Backcountry road deal runs over wilderness

  A nearly three-decade-long fight over who controls backcountry roads crossing federal land in Utah may soon come to an end — and the resolution casts a huge cloud over the future of wilderness protection. In 2000, the state threatened to sue the federal government, claiming ownership of the roads under a Civil War-era law known as RS 2477. On April 9, Utah Gov. Mike Leavitt, R, dropped the threat, signing an agreement with Interior Secretary Gale Norton (HCN, 2/3/03: Road warriors back on the offensive).

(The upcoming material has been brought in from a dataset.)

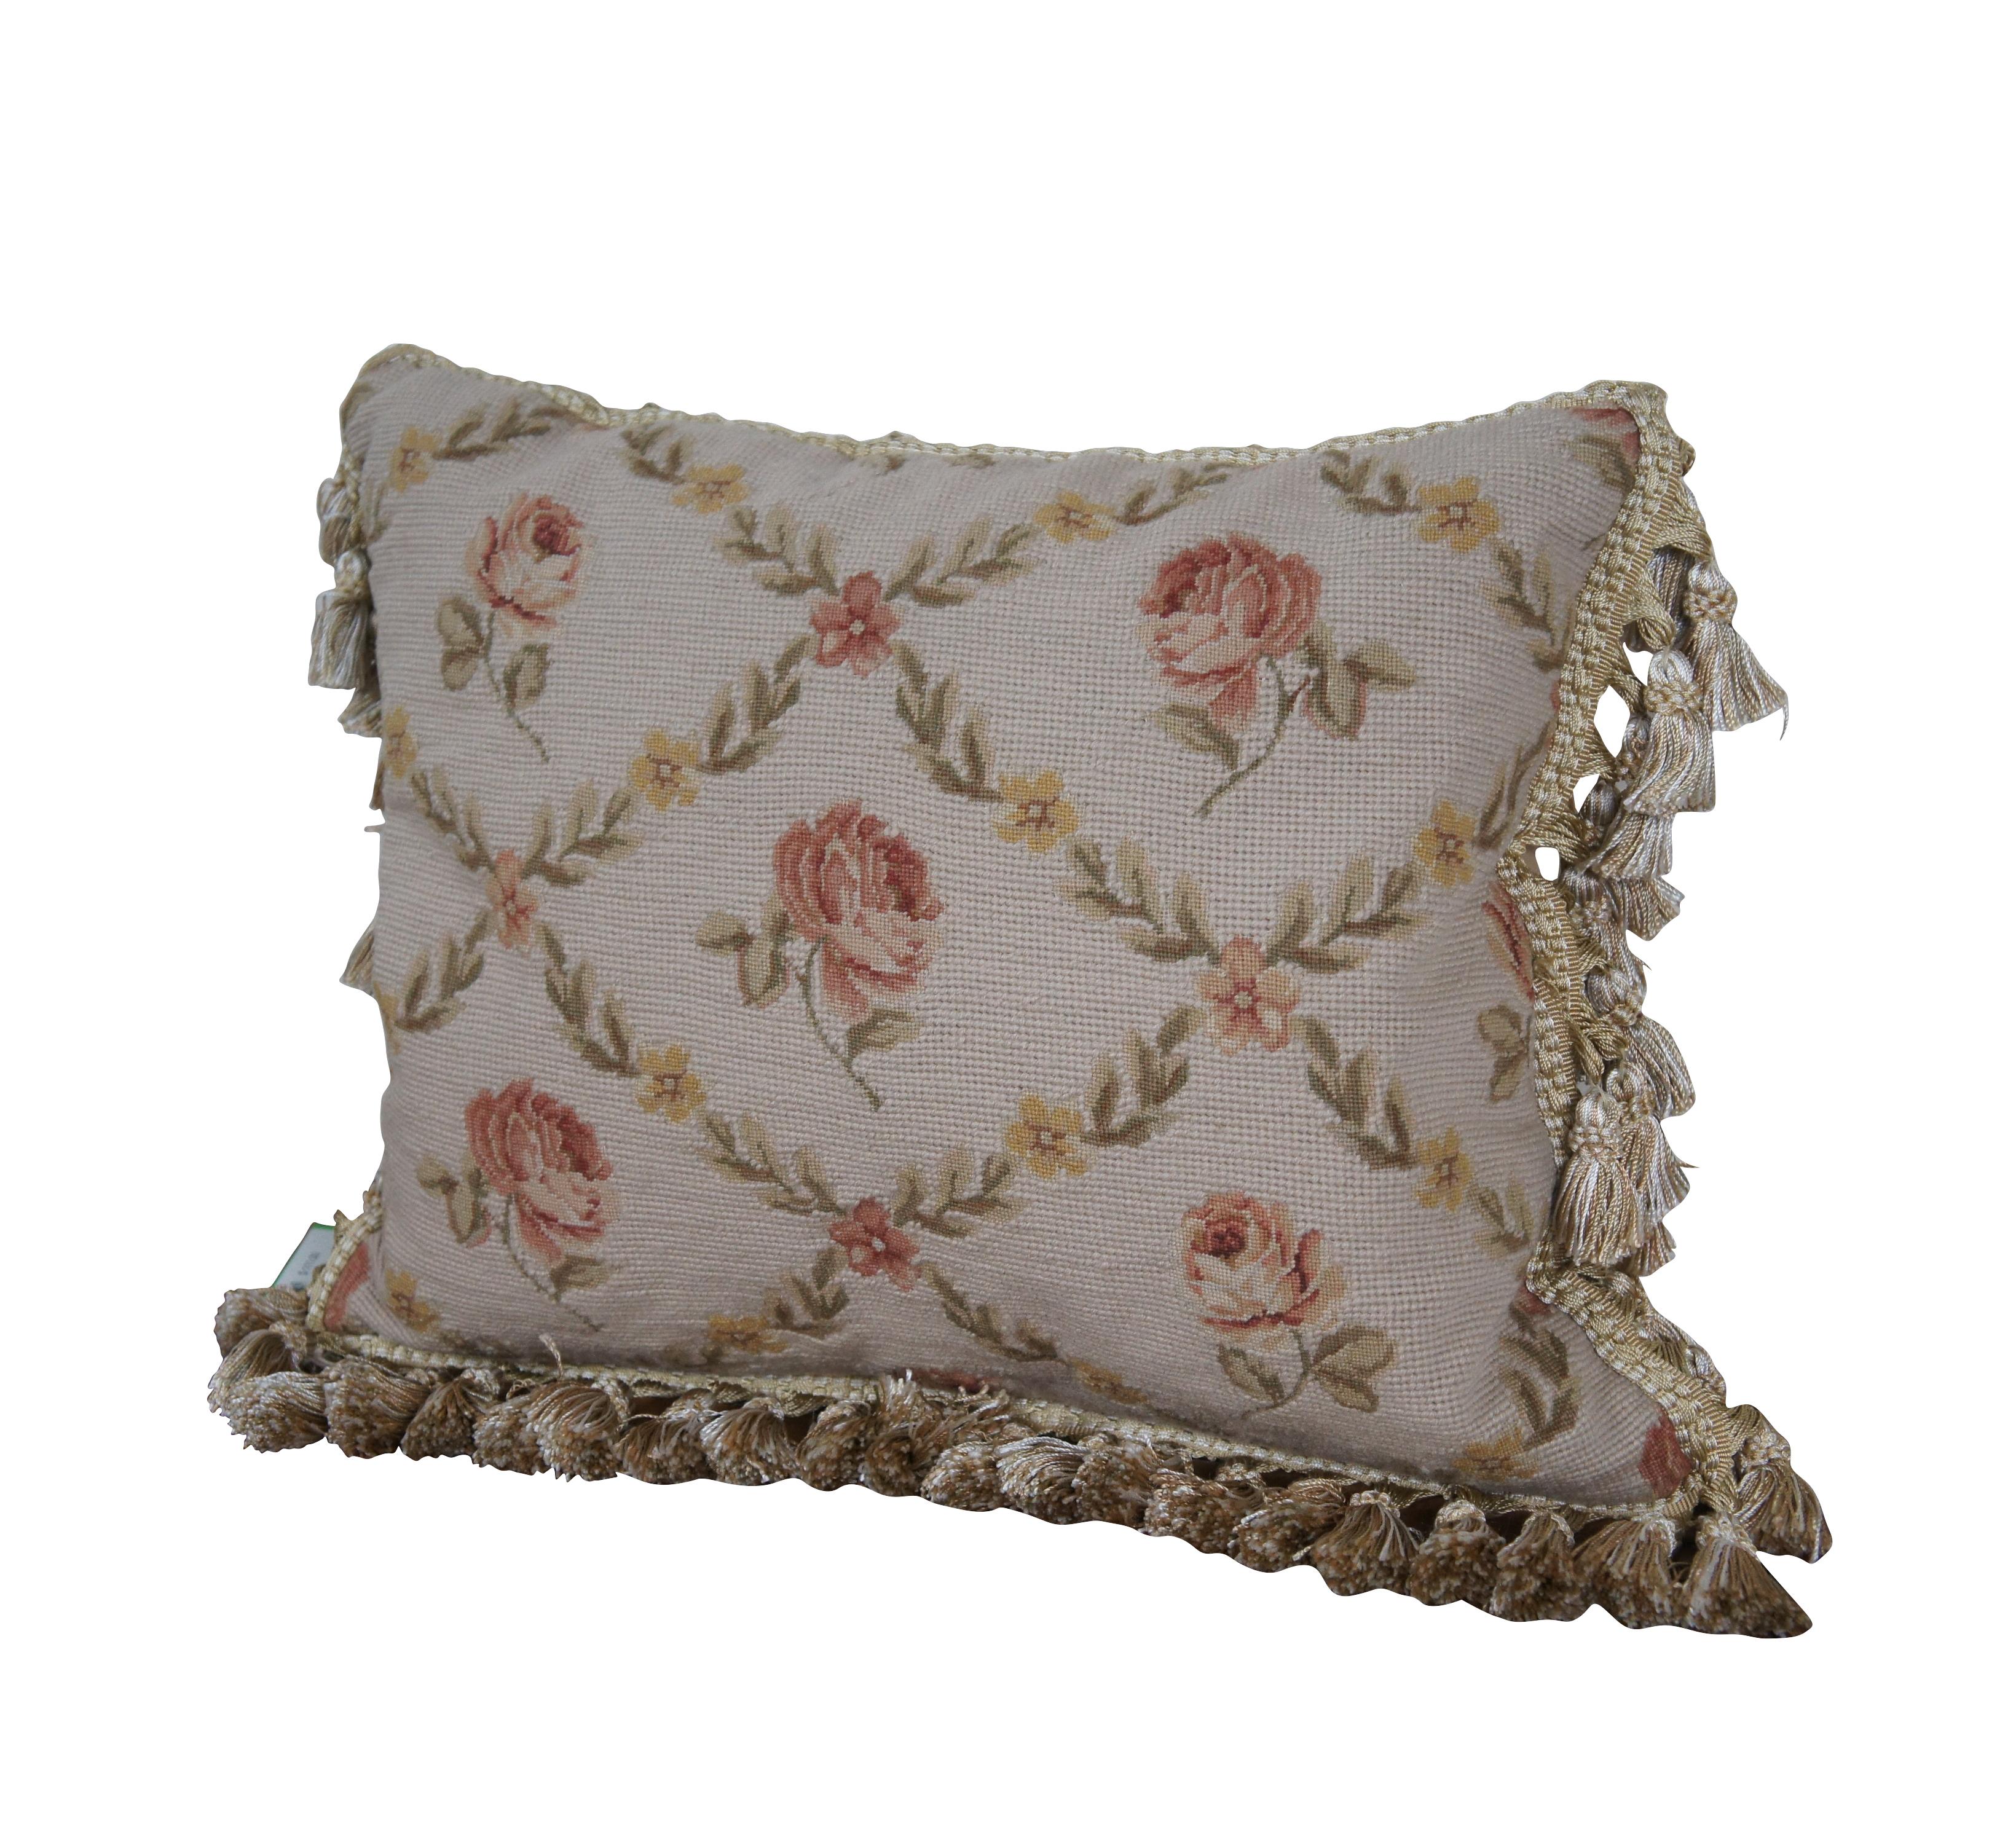 2 Available - 20th century square needlepoint throw pillow, hand embroidered with a pattern of pink roses, divided by criss crossing lines of pink and yellow flowers and leaves, on a beige background. Cream and gold tassel trim. Beige velour back
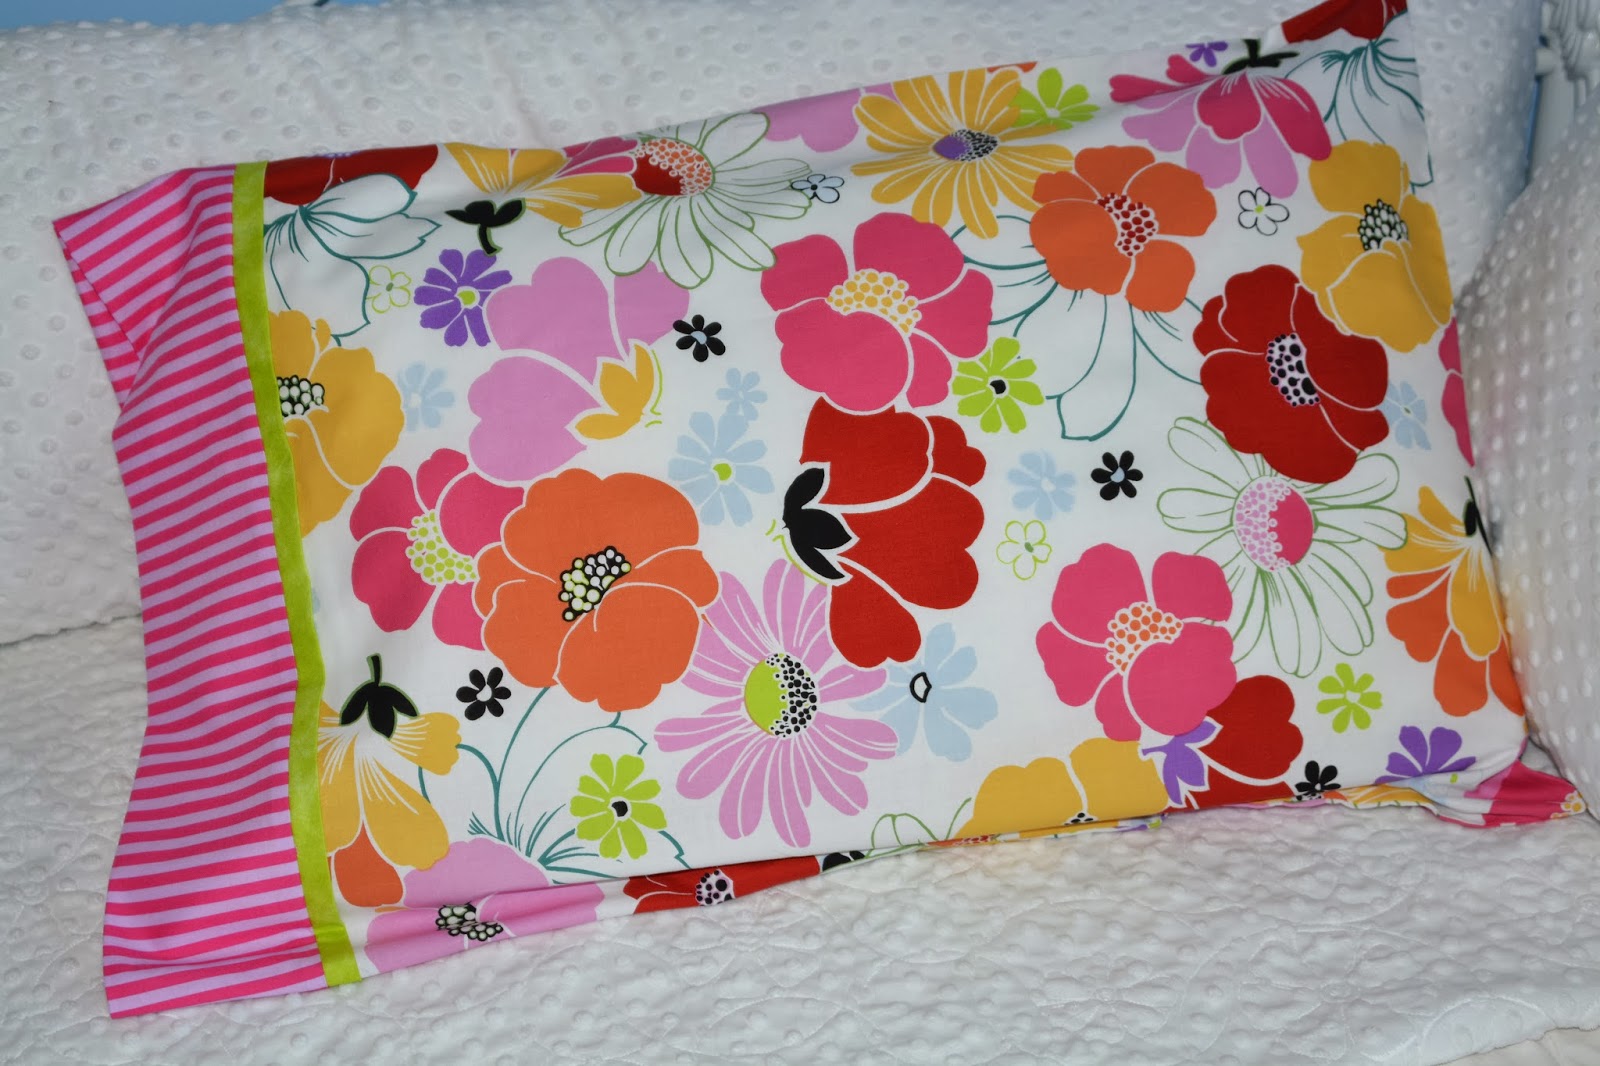 ann-arbor-sewing-center-blog-free-pillow-case-pattern-and-video-tutorial

Under the agreement, Utah will stop seeking ownership of unimproved dirt roads in areas such as national parks, national wildlife refuges and wilderness areas. But roads on other federal lands — such as the 2.6 million acres stripped of interim wilderness protection by an April 11 settlement between the federal government and the state — are fair game (HCN, 4/28/03: Wilderness takes a massive hit). If those roads are recognized, surrounding lands will be disqualified for protection as wilderness, which must be roadless.

While state and federal officials say they will include an opportunity for “full public participation” in deciding which roads belong to the state, no mention of public comment is made in the agreement itself. “The doors still haven’t been opened,” says Heidi McIntosh of the Southern Utah Wilderness Alliance (SUWA). “From what we know of the closed-door sessions, the major decisions have already been made.”

Maps obtained by SUWA under the Freedom of Information Act show the state was preparing to sue for upwards of 100,000 miles of roads, according to McIntosh. Gov. Leavitt won’t say how many roads the agreement could cover, but Utah has spent $4.2 million on a database of roads that it could try to claim. The state will begin submitting claims to the federal government early this summer.